"I hope Mondale doesn't have any dreams of being a show cat. Yeah, Mondale, you'd never win, because you are not pretty!"
"It's not a beauty contest, it's a scholarship pageant. Mondale, you'd still never win, because you are not bright. Isis, you could be a real contender if you'd slim down a little."
(That was the point at which Isis glared down at me from Mondale's food bowl. Mondale's food is six feet up in the tall cat tree to discourage Isis from eating it. Mondale was still just hanging out completely unaware that sometimes when people make those weird noises, they're trying to communicate with you.)
My boyfriend and I then spent some time helping Mondale remininsce about his former life living in a tiny apartment in the West Valley. (You know, did he miss the six yappy dogs he had to live with and was he ever involved in any gang activity...)
"Maybe that's why he and Isis have to squabble so much. Because Isis was born in a barn and Mondale is a city cat."
"Isis is way smarter than Mondale."
"I didn't say Isis was as stupid as Mondale. I said he's not as urban."

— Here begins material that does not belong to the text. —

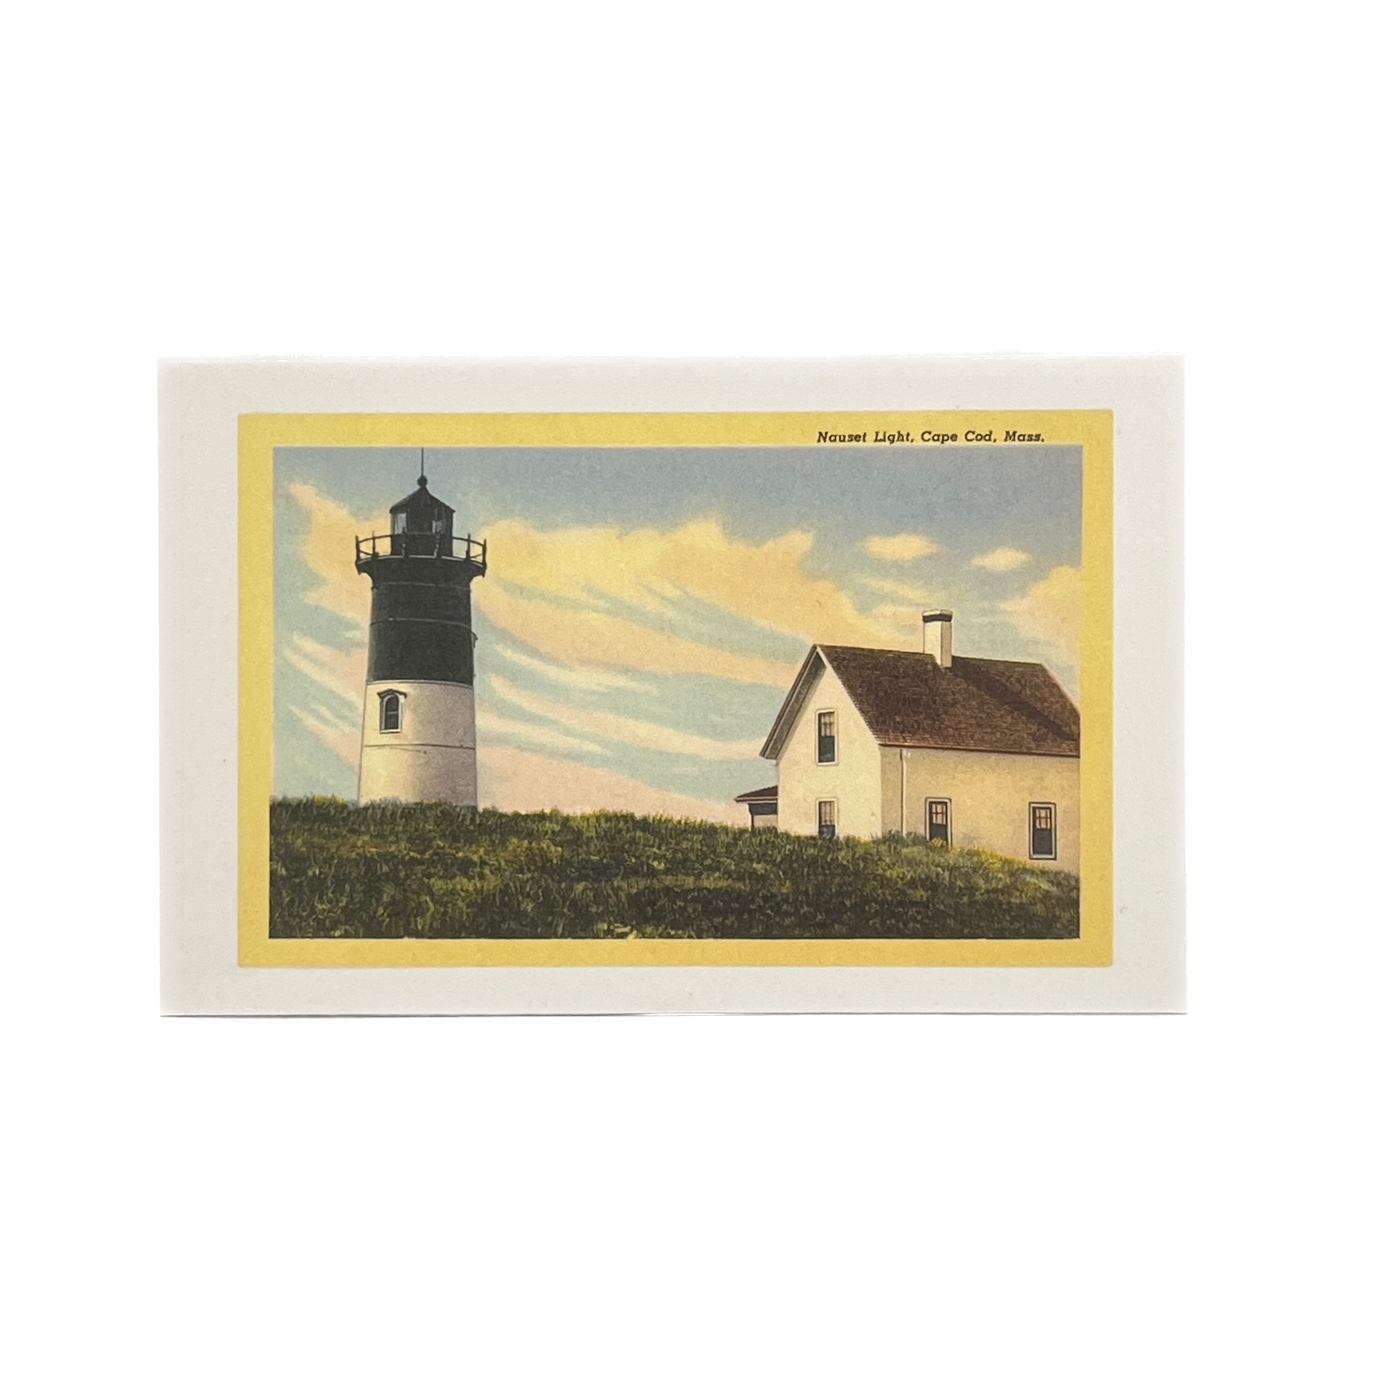 Vintage Image, Postcard - Nauset Lighthouse, Cape Cod, Mass.

"I was talking about street smarts."
"Okay, yeah, Isis does have all the street smarts."
"Look at him! He's being cute again!"
(looks at the small cat.)
"No, not that one. Isis. The cute one."
Poor little Mondale. He has to wear festive holiday toenails, and he's not the cutest or the smartest or the toughest... He is the smallest and the fastest and the biggest attention whore.
And after his rough start in that tiny studio apartment with all those dogs and rats and sugar gliders where he wasn't even allowed on the bed (and the bed was most of the apartment), he still thinks his life is great.